The fourth assignment of error can not be maintained in the light of the proof of record that the aqueduct and the dam (presa) have been in existence for more than thirty years, during which period the owner of the land in question has always exercised the right to the reasonable use of the water in the aqueduct for irrigation purposes. (Arts. 527 and 528, Civil Code.)

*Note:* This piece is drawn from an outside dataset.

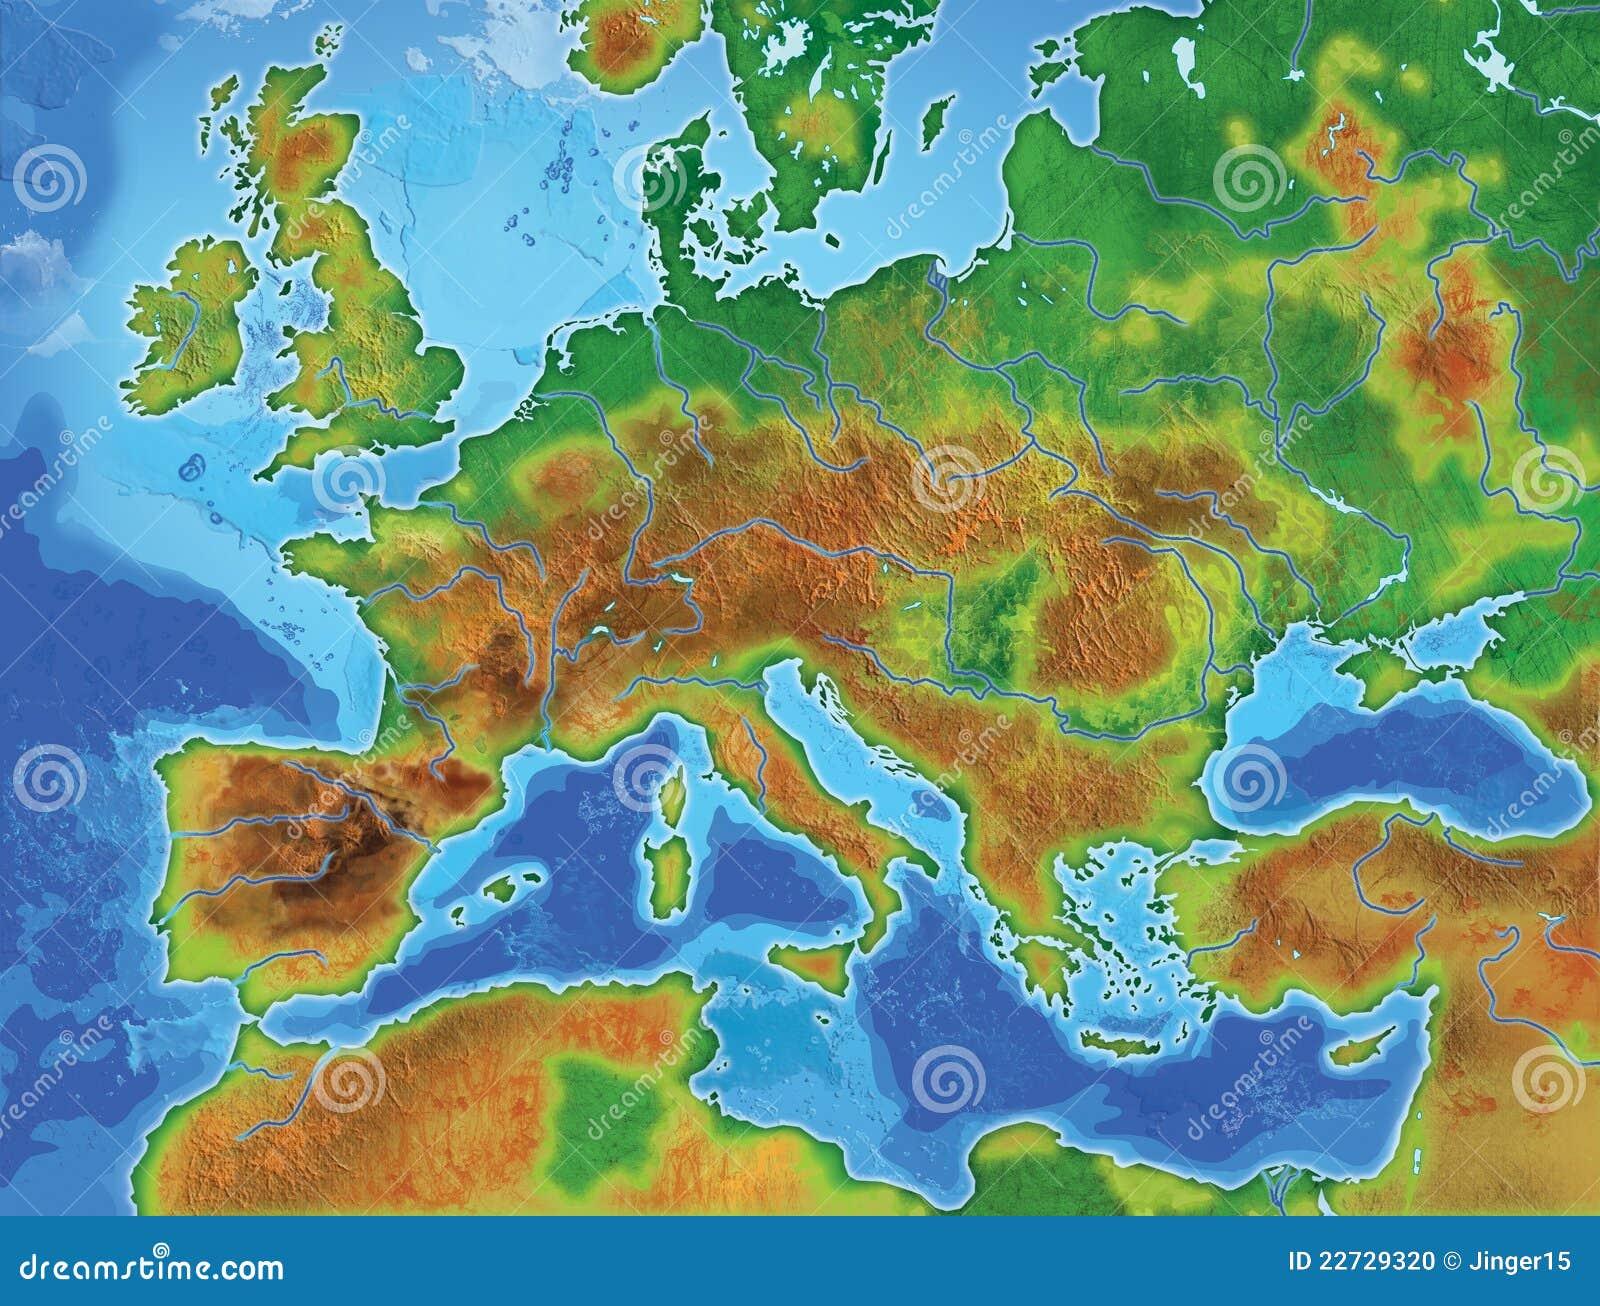 Europa Karte Stock Abbildung Illustration Von Insel 22729320

Counsel for the appellants contend that under the definition of a servitude which appears in article 530 of the Civil Code the existence of the servitude can not be established unless it appears that from such servitude a benefit (beneficio) was, or might be, derived by the plaintiff landowner; and that since it appears from the testimony of the witnesses that the aperture in the dam was used for the purpose of controlling the flow of water in the aqueduct and for preventing damage by overflow to the lowlands over which the aqueduct runs, and since it appears that the lands of the plaintiff are higher than the lands of the defendants, therefore the aqueduct could never have been intended for the supply of water to the lands of the plaintiff and neither the dam nor the aqueduct could be of any benefit to these lands. This contention can not be maintained in the face of the positive testimony as to the existence of the aqueduct and its use for many years to supply water to the lands in question. It may be that the defendants had a right to open the aperture in the face of the dam to prevent a destructive overflow of water on their lands, but this would not give them the right to stop the flow of water altogether; nor does it tend to establish the contention of the defendants that the plaintiff landowner is not entitled to the benefit of the reasonable use of the water flowing in the aqueduct, since it does not appear that such use necessarily involved destructive overflows from the aqueduct, provided the flow of water therein was properly regulated by the opening of the aperture in the dam.
The judgment of the trial court authorizing the issue of the writ and awarding damages in favor of the plaintiff for the losses entailed by the destruction of the dam is affirmed, with the costs of this instance against the appellants. So ordered.
Arellano, C.J., Torres, Johnson, Willard and Tracey, JJ., concur.